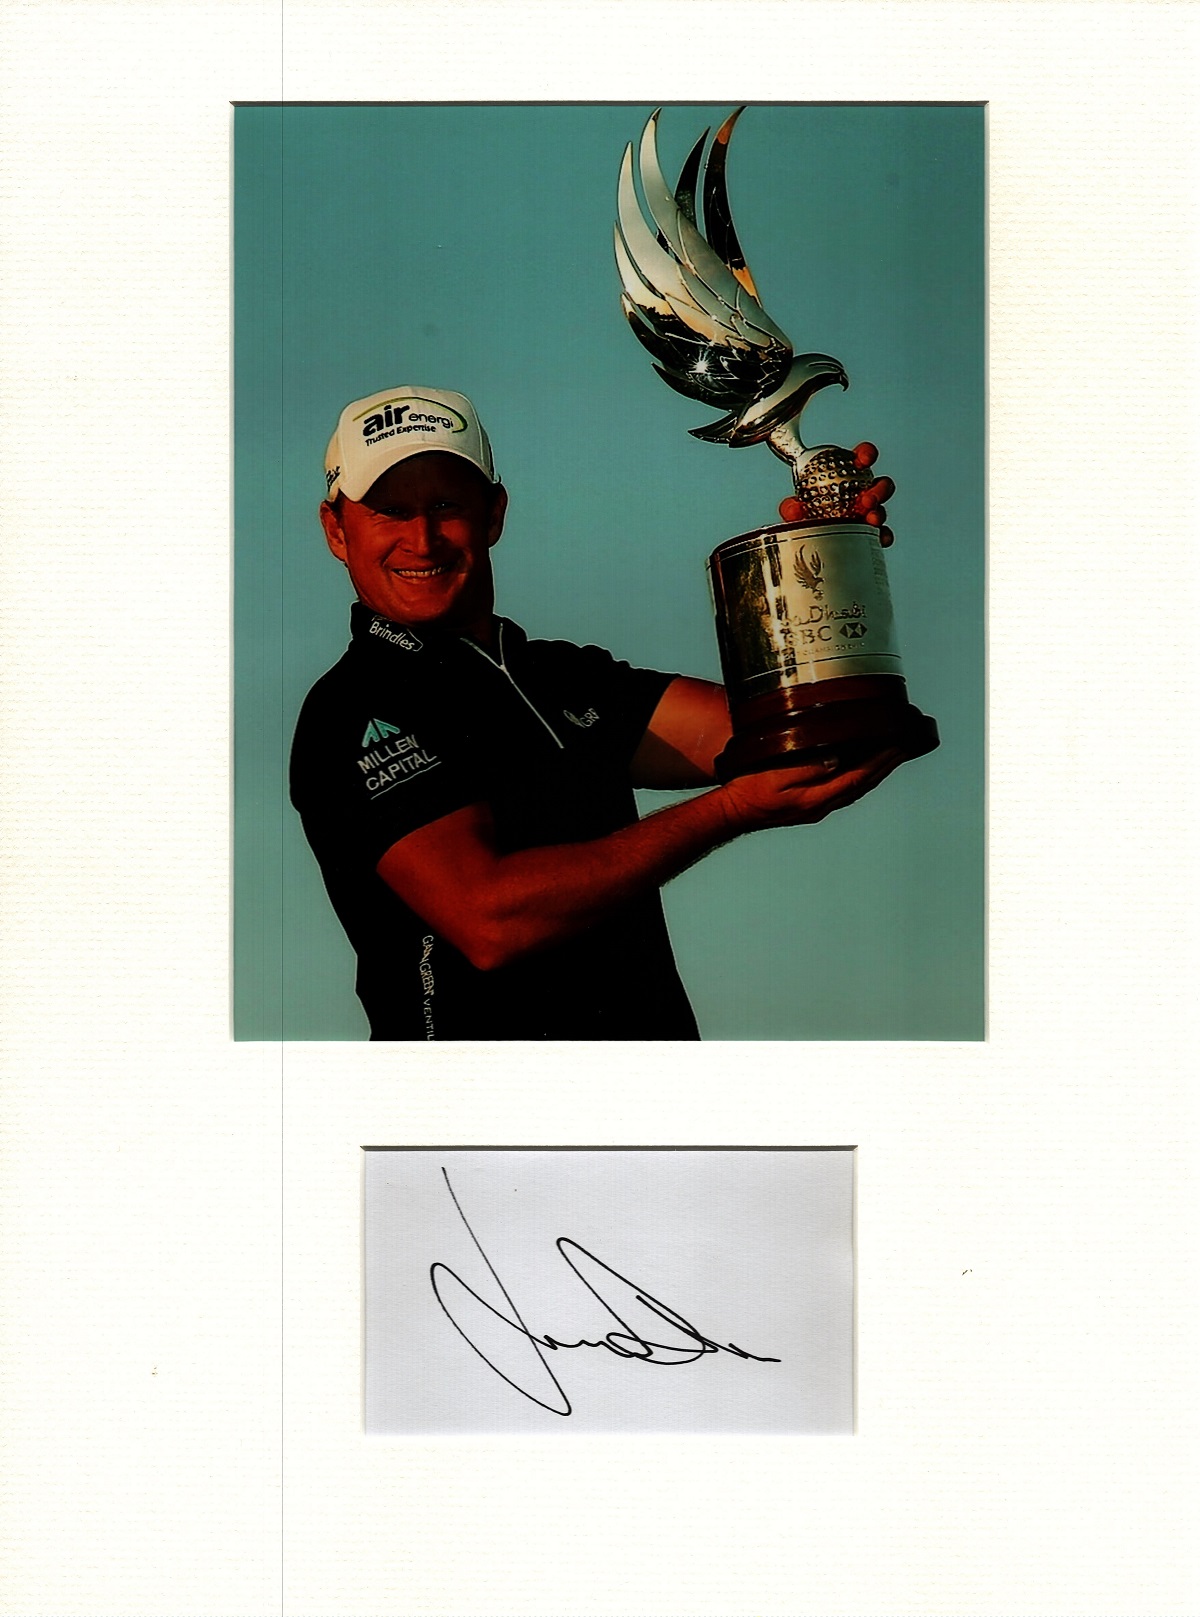 Golf Jamie Donaldson 16x12 overall mounted signature piece includes a signed album page and a colour
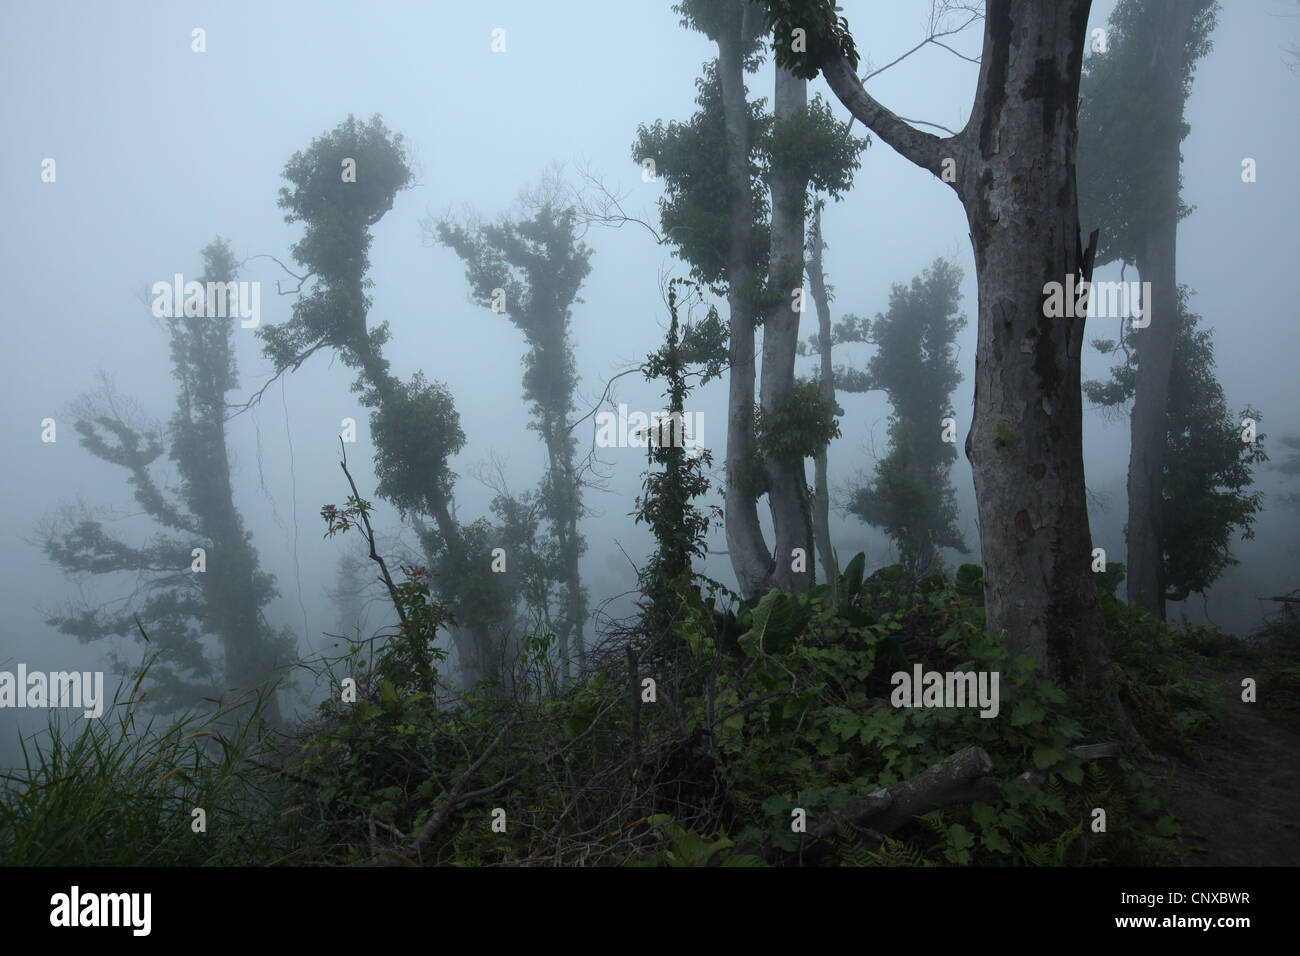 Tropical forest on the slopes of Mount Merapi (2,930 m) in Central Java, Indonesia. Stock Photo
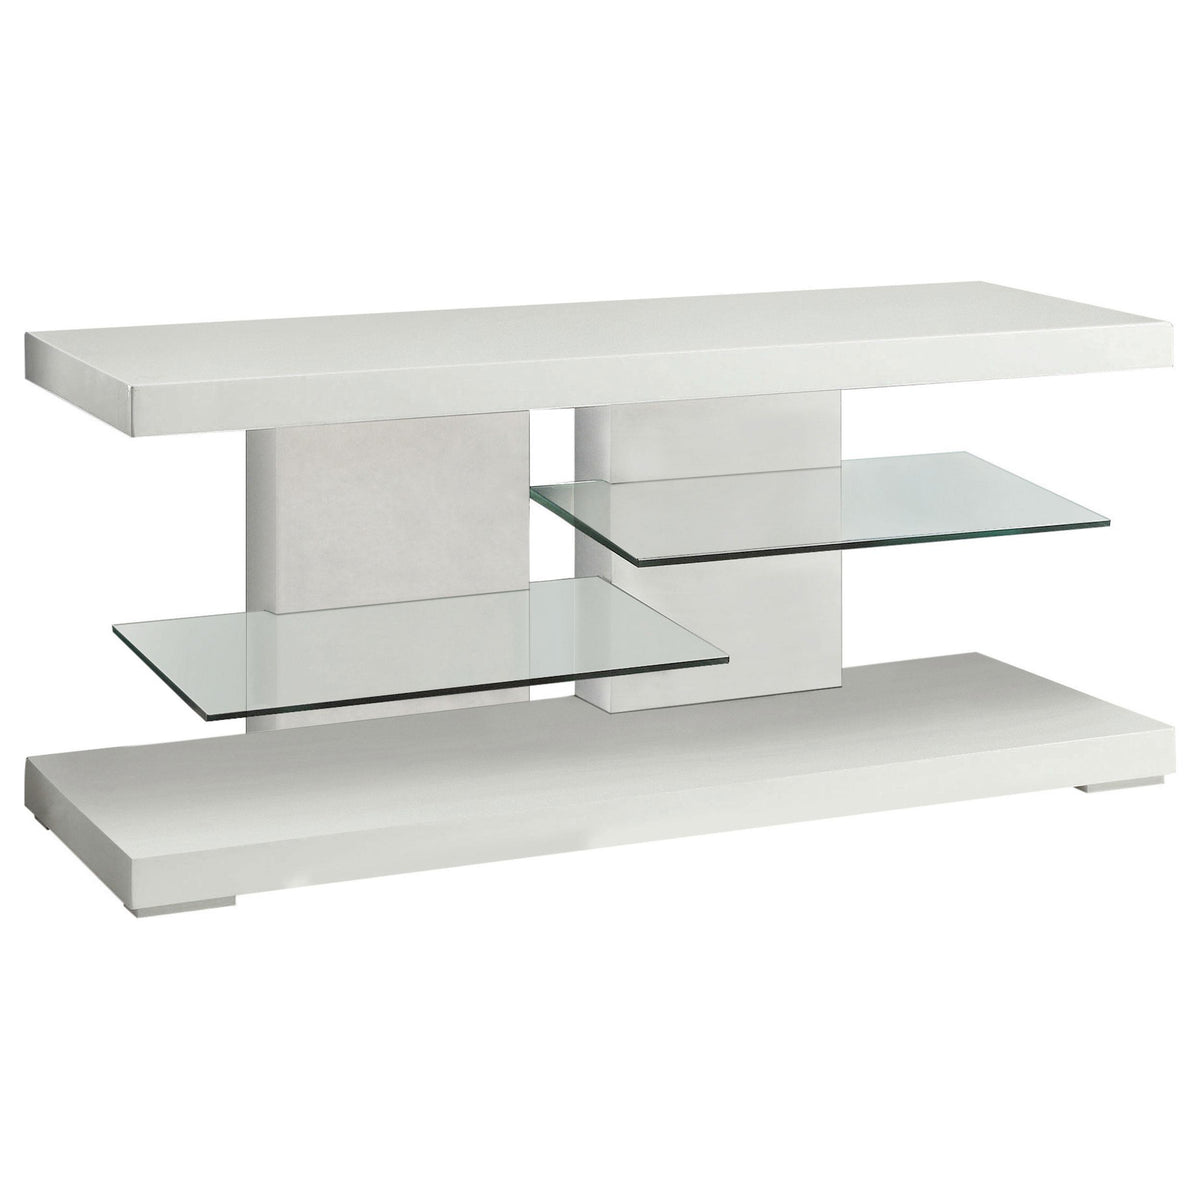 Cogswell 2-shelf TV Console Glossy White Cogswell 2-shelf TV Console Glossy White Half Price Furniture
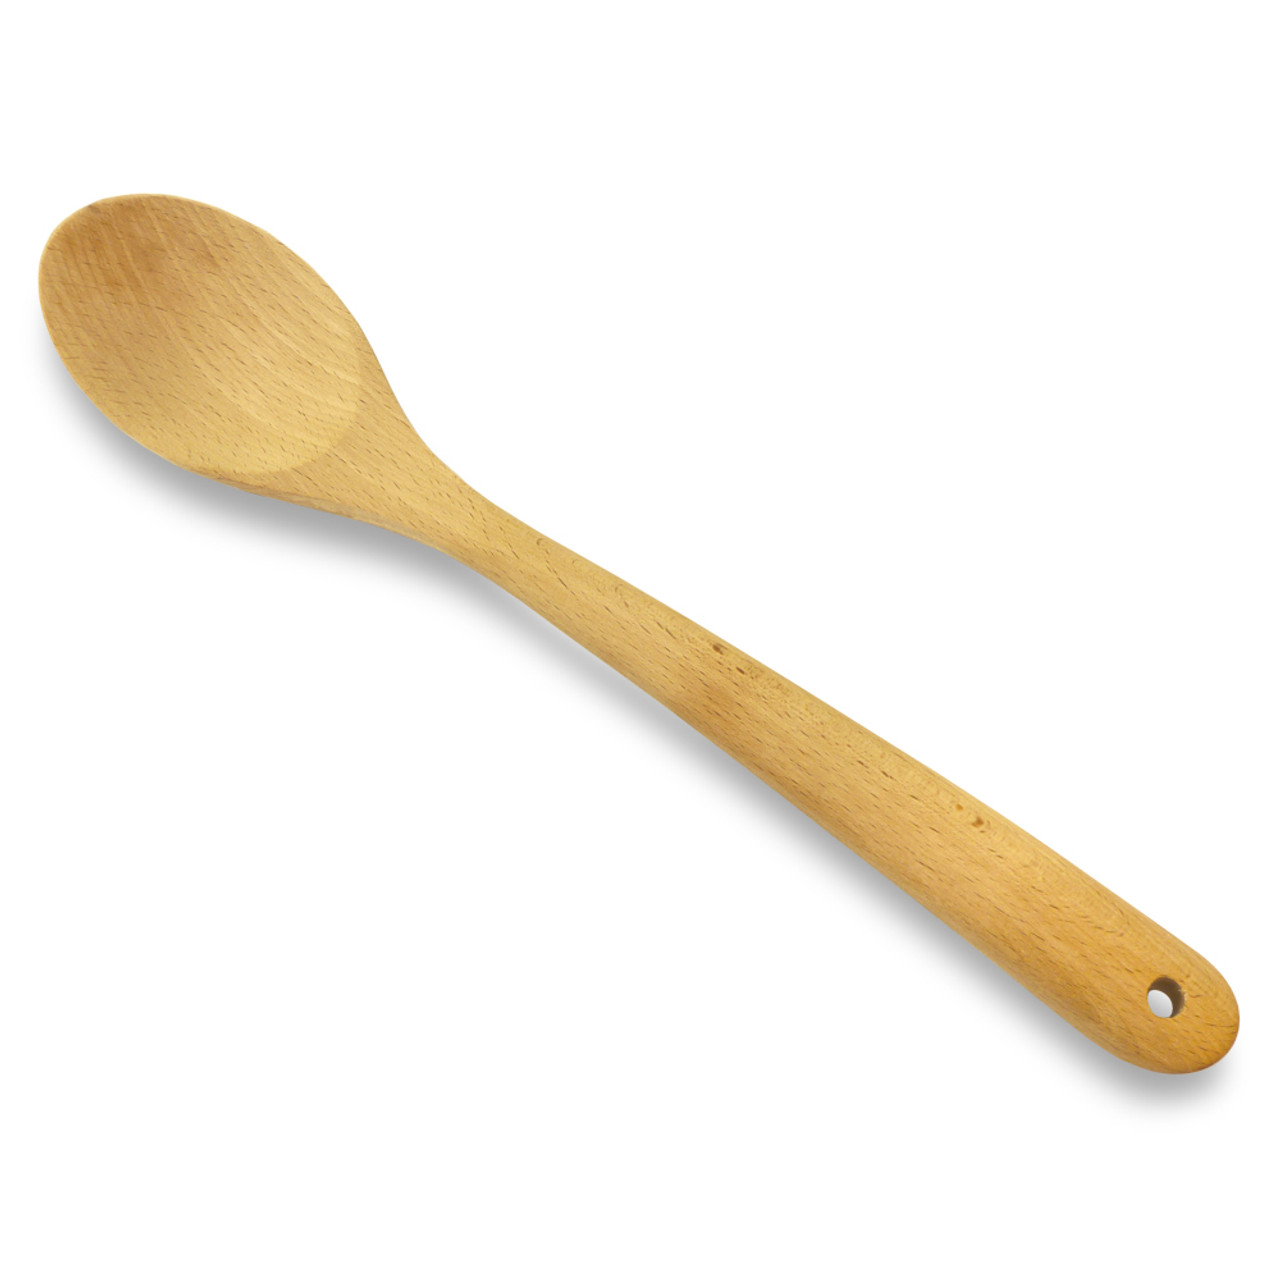 Wood spoons treated with walnut oil, mineral oil, coconut oil and

---------------

The full text of the data above, exact and without pictures, is what to return.

### Task response
 Golf Jamie Donaldson 16x12 overall mounted signature piece includes a signed album page and a colour
 Tropical forest on the slopes of Mount Merapi (2,930 m) in Central Java, Indonesia. Stock Photo
 Cogswell 2-shelf TV Console Glossy White Cogswell 2-shelf TV Console Glossy White Half Price Furniture
 Wood spoons treated with walnut oil, mineral oil, coconut oil and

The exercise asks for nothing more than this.